On a more personal note, I had a couple of intense experiences during the week that have given me pause for thought (and no, I don't mean my headache the morning after the Heineken brewery - sorry about dragging you back out Jessica).

 

Firstly was spending a whole week in Amsterdam. Its been over ten years since I lived in the city and a week is the longest I've spent back there since. I found myself utterly loving the place all over again; I was very surprised just how strong the feeling of belonging was. Amsterdam is simply the best mix of big-city opportunity and small-town friendly that I've come across. Mind you, I found that the bar underneath my old apartment has been turned into a fish shop which was a bit of a shock. Now I'm causing domestic agitation by suggesting that maybe we should live there again one day.

 

Secondly, these talks were the first major audience presentations I've done in several years now - certainly the biggest since I gave up consultancy and retreated into my office/cave to do the product development that I enjoy so much. Well folks, it's a lot harder than I remember - I got dinged a bit in my feedback for presentation skills and I think fairly. (although pretty high marks in every other category - thank you). I simply hadn't realised how much this skill atrophies if you don't use it. It's something I used to be very confident at and I didn't like the feeling of not excelling one little bit. However, the reality is that a full-time developer at Microsoft doesn't generally spend a lot of time standing on a podium holding forth. Do I want to allow what skills I have remaining in that area to melt away? Should I be pushing to spend more time communicating our message? Should I forget it and concentrate on being the best back-room dev that I can be? I need to give this topic some thought, but I feel some hard choices creeping up on me. Maybe if I work hard at it, Beat and Vin will invite me back for another try next year.

 

One thing I know for certain, when I was a paying punter at conferences like TechEd and the PDC, I was always overjoyed when a developer took to the stage.

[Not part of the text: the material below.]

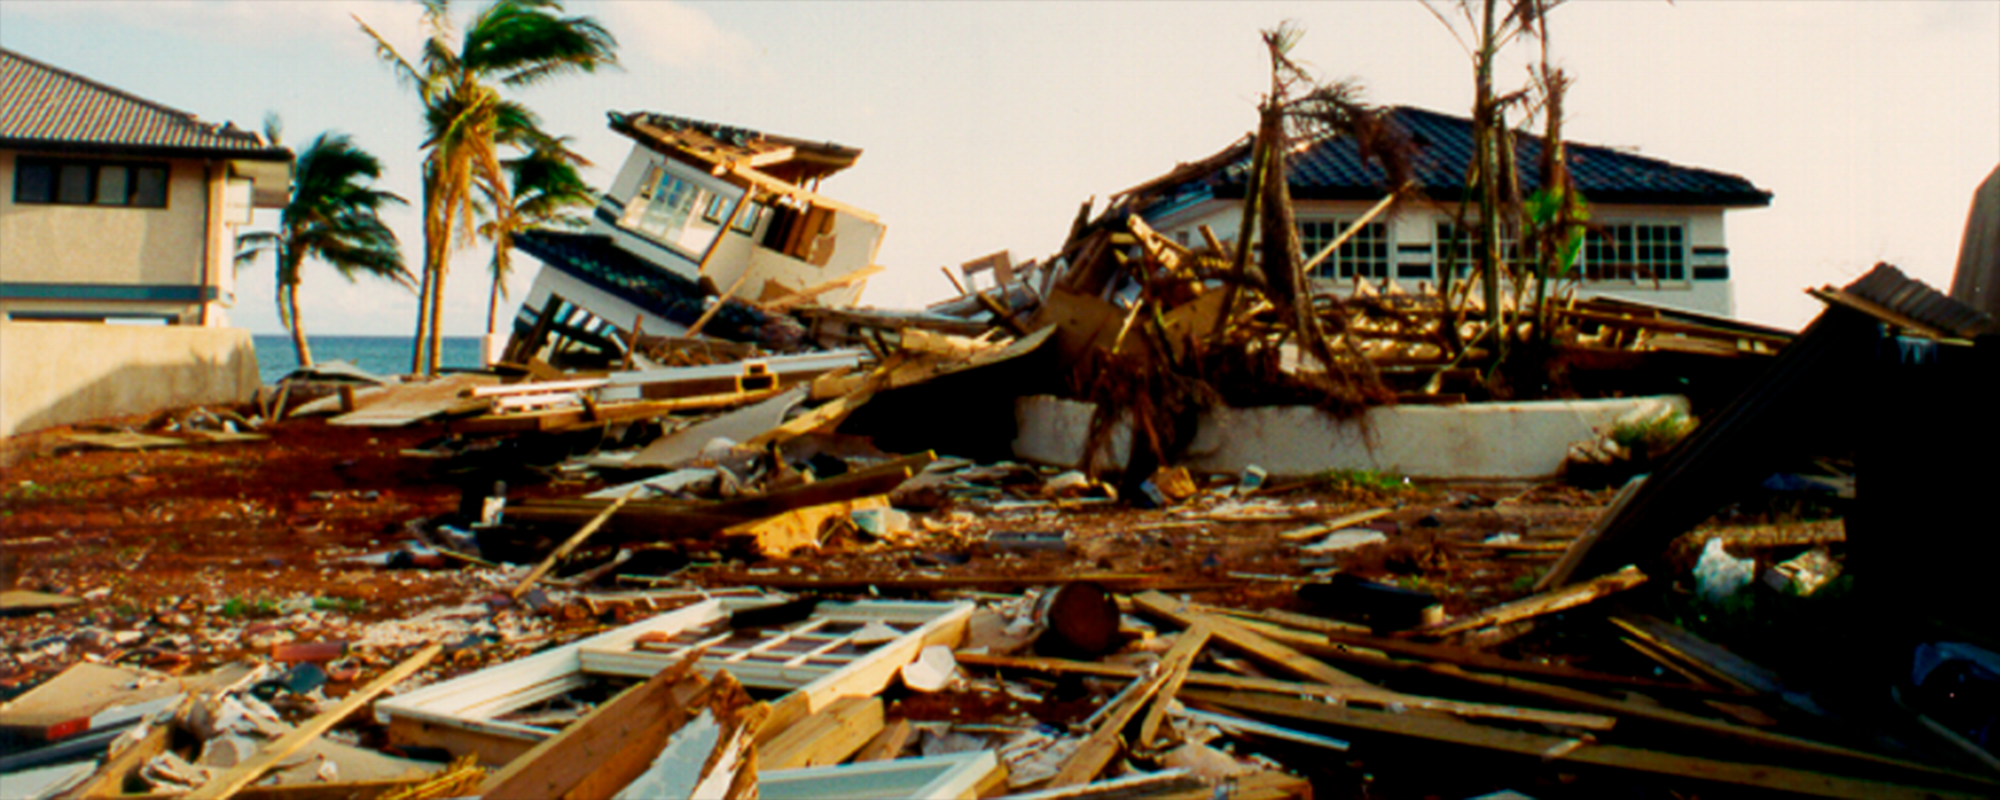 Hurricane Damage, Real Estate Damage, Complex Valuation, Randall Bell Ph.D. M.B.A. M.A.I., Michael Tachovsky Ph.D. C.R.E.A. 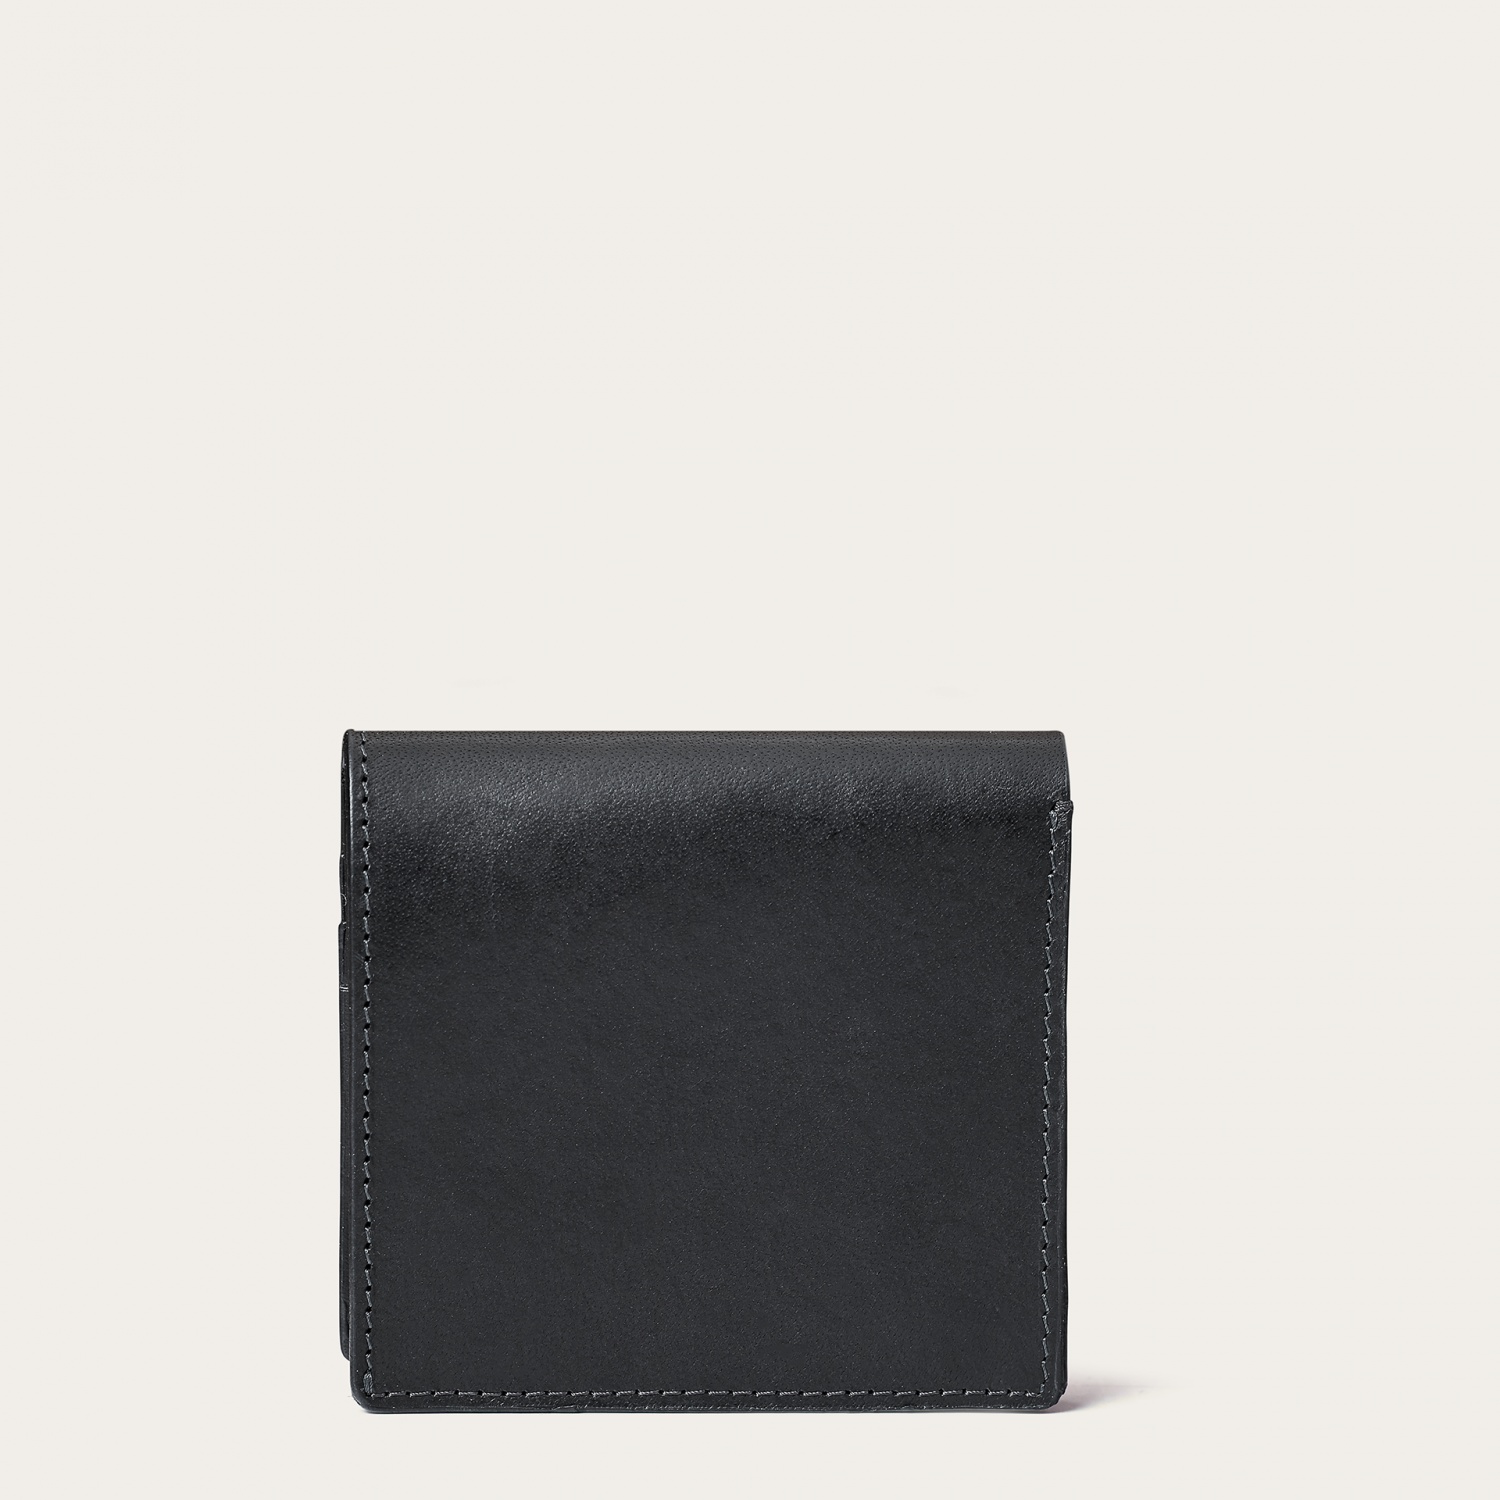  Adon wallet, black-5

I was getting the real skinny from the guy who built the stuff. (Sometimes the presentation skills were a bit painful I admit). And I could go queue up and get my question answered by someone who likely really knew the answer. In those days, that mattered, because access to developers didn't happen all that often. Maybe in these days of blogs and easier access to the teams it's not so important. Perhaps the important thing is to have a quality communicator up on stage and just have them hand out the email address of the developer? What do you think?